Electric Centuryが2ndアルバムと付属するグラフィックノベルを発表するにあたり、マイキー・ウェイがその経緯を明らかにした。

マイキー・ウェイは今までで一番 ”ベストな場所” にいると言っている。デヴィッド・デビアクとのElectric Centuryの顔としてデビュー・アルバムをリリースしてから約4年が経ち、ベーシストのマイキー・ウェイは昨年の「Collapser」でコミックの世界に足を踏み入れ、テキサスのスターWaterparksとのツアーに参加し、そして何よりも重要なことに2人の子供の父親になった。彼は最近、自己分析に多くの時間を費やしていて、子供を持つことで「より親切に優しく」なり、より明確に考えることができるようになったことで、子育てから離れた彼のクリエイティブな仕事に大きな恩恵を受けたと考えている。

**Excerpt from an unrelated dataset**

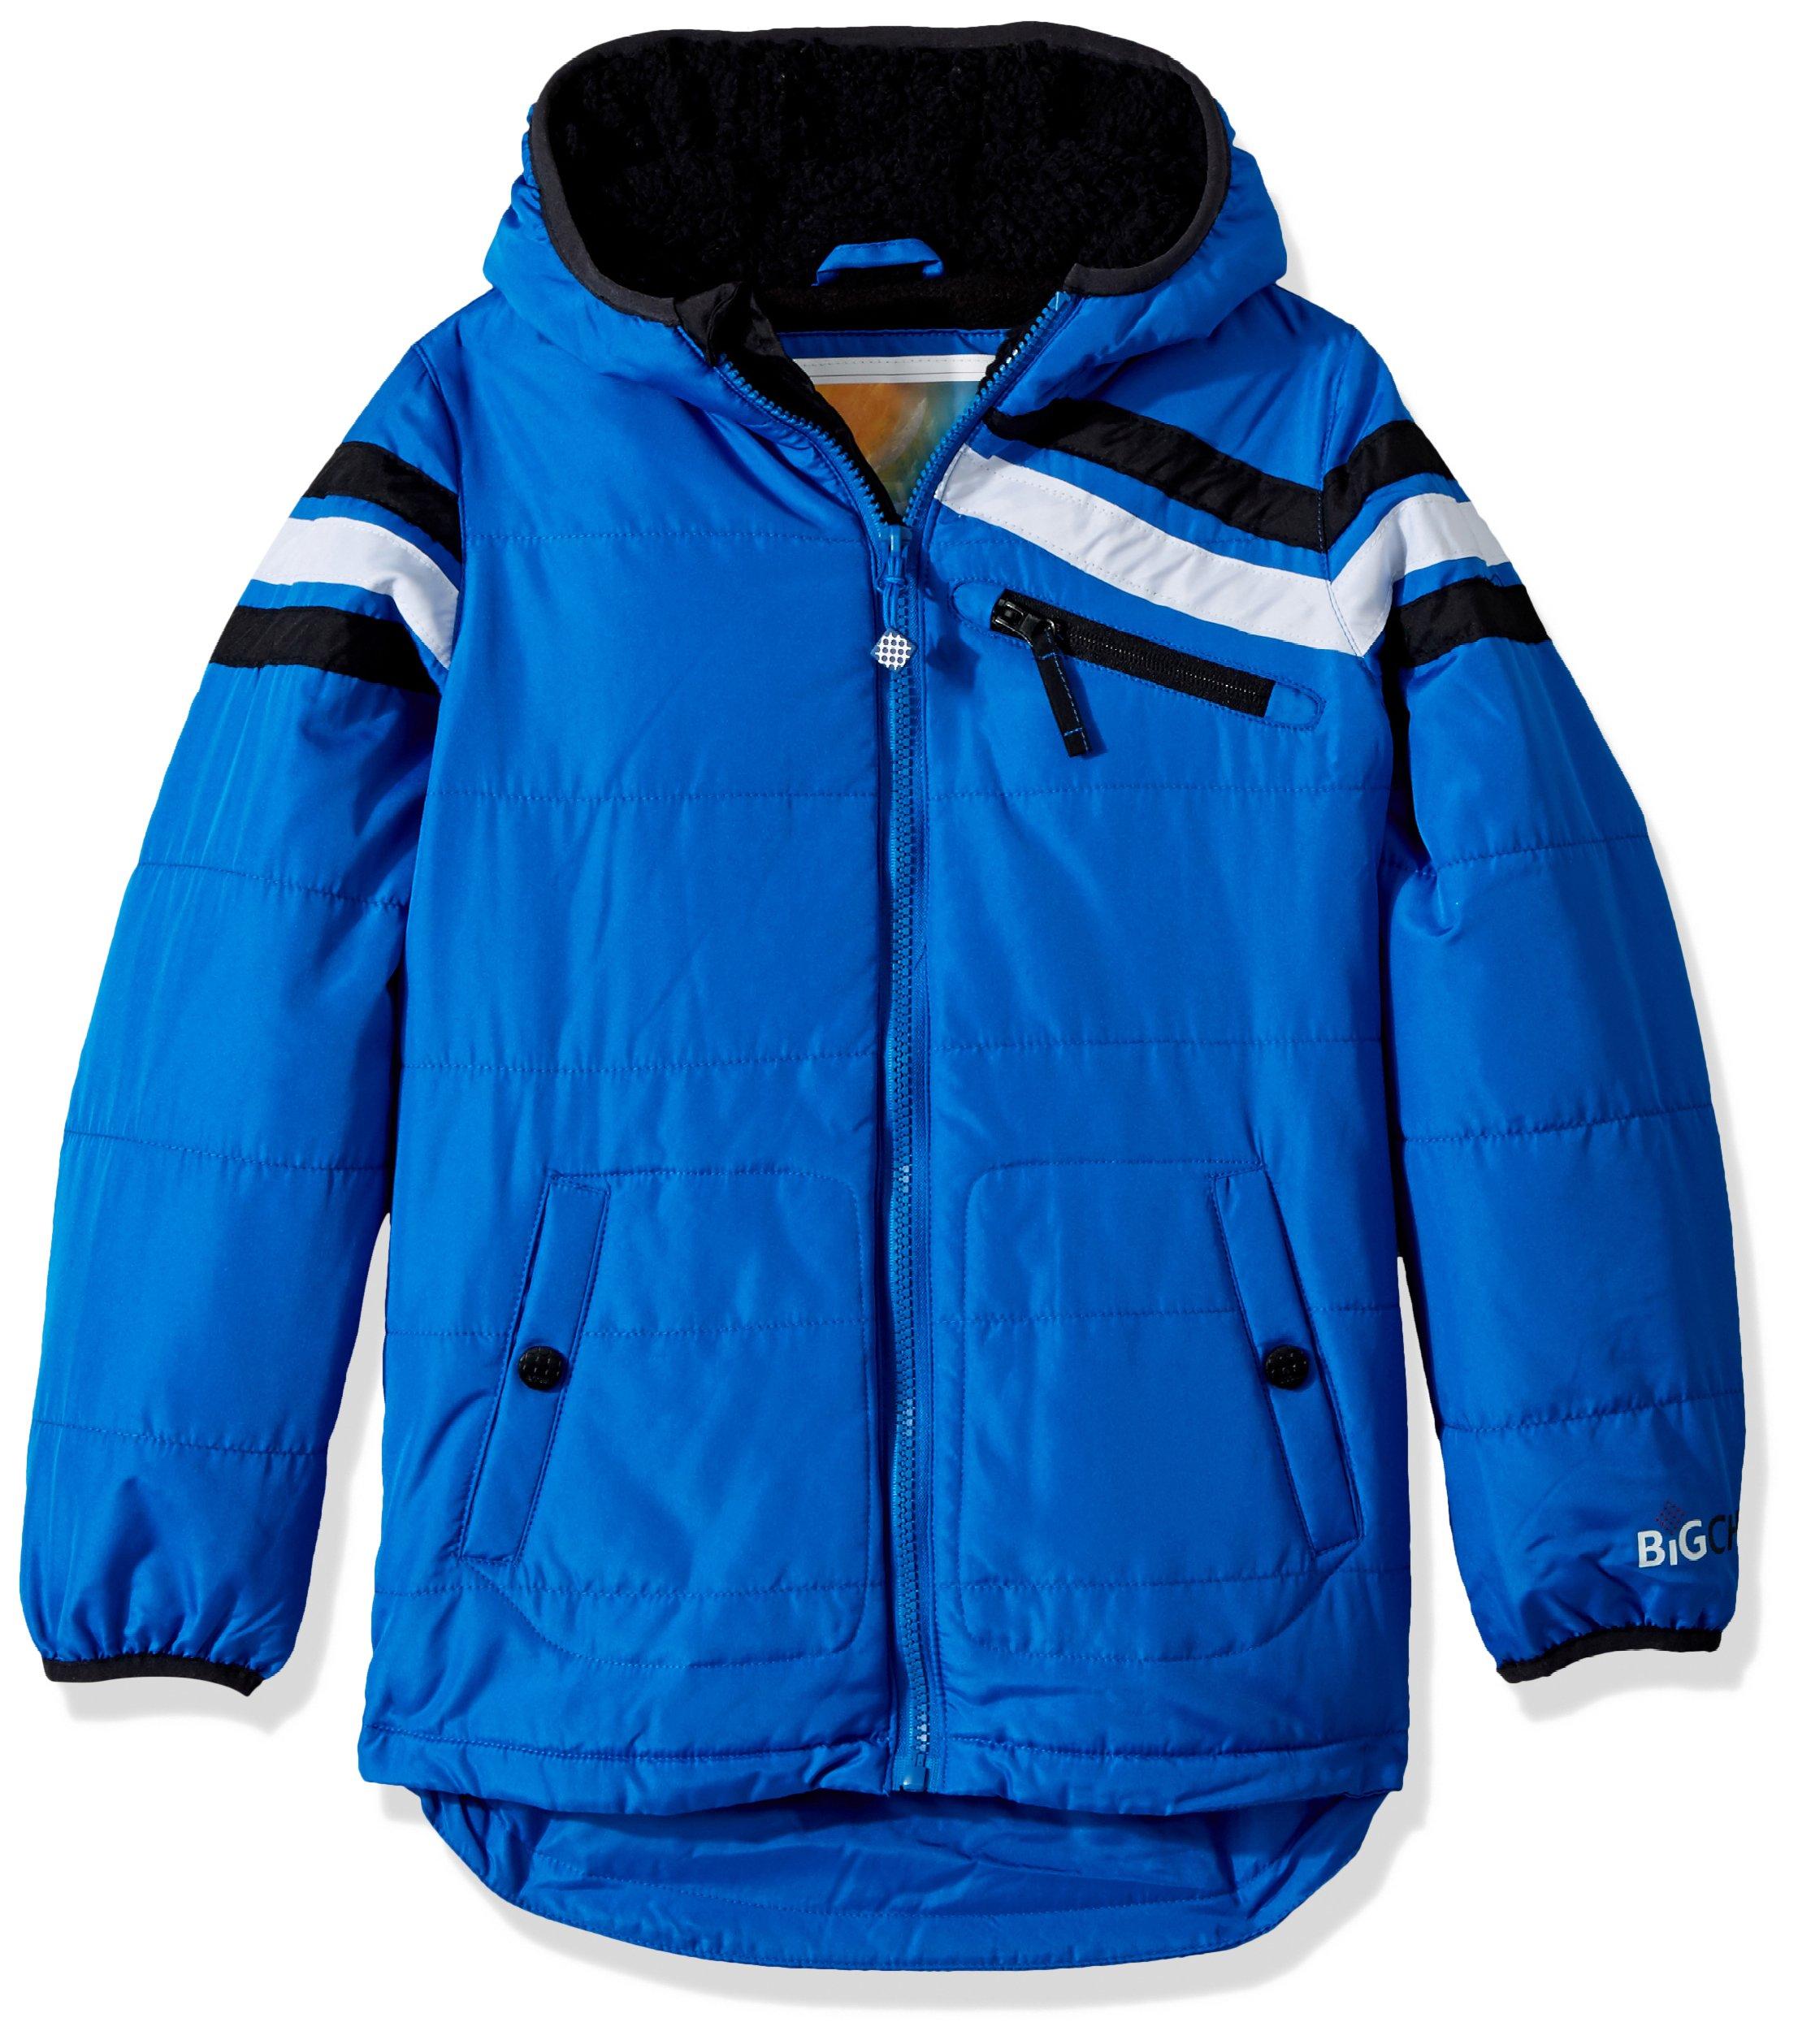 Big Chill Little Boys' Big Midweight Jacket, Blue, 5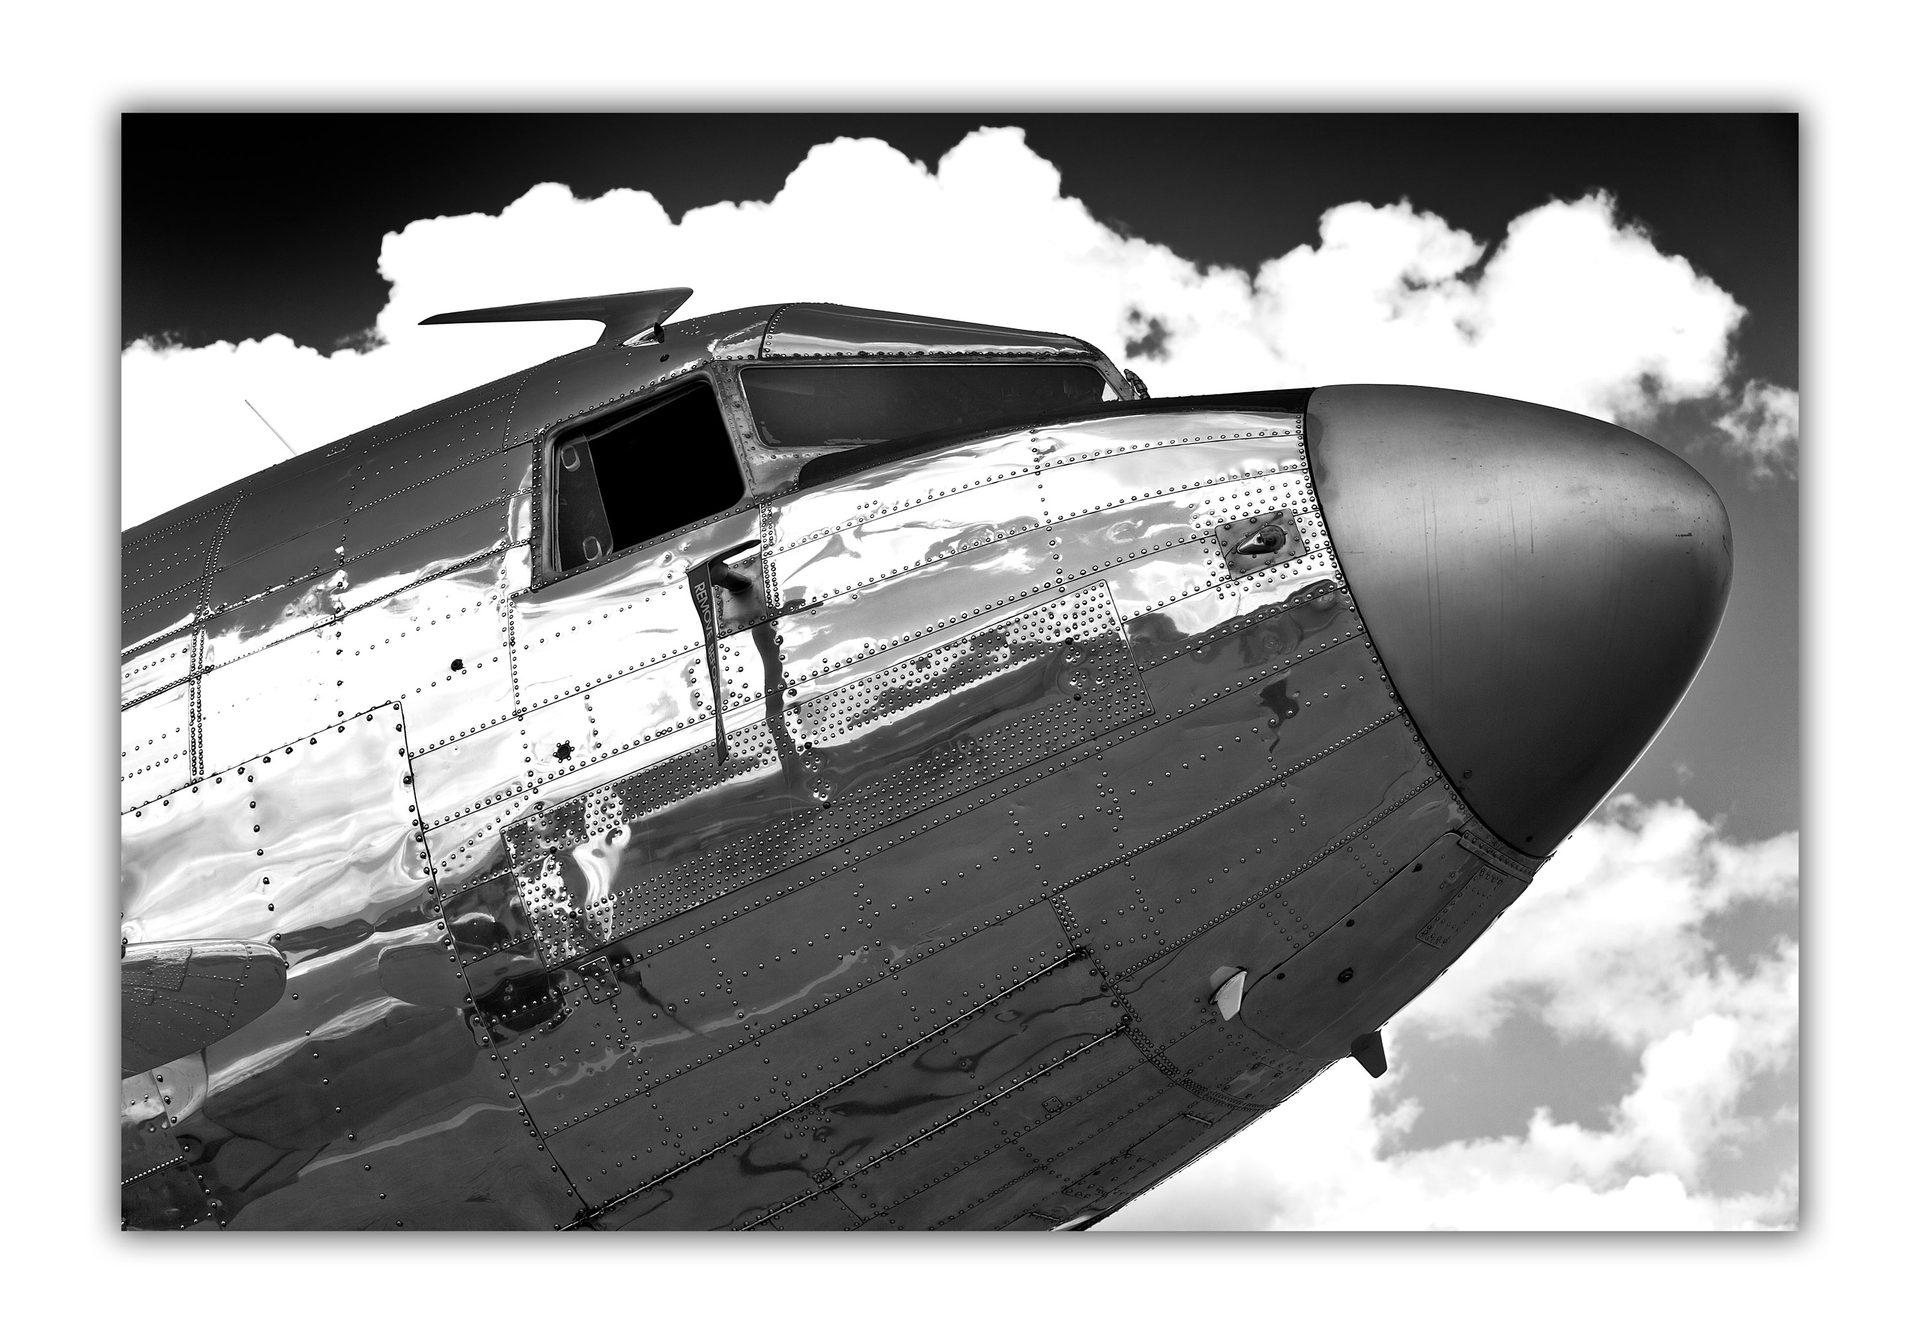 Remove before Flight (Tyson V. RININGER)

実際、これらの完璧な融合がなければ、マイキーはこの新しい野心的な事業を成功させるのに苦労していたかもしれない。
Electric Centuryの新作アルバムと、それに付随する同名のグラフィック・ノベルだ。
デヴィッドやZ2コミックスのチームと協力しながら、39歳のマイキーは父親業の合間の空き時間を利用して、音楽と物語が1つになった幻想的な新しい世界を作り上げた。
- その両方が今年の後半にリリースされる。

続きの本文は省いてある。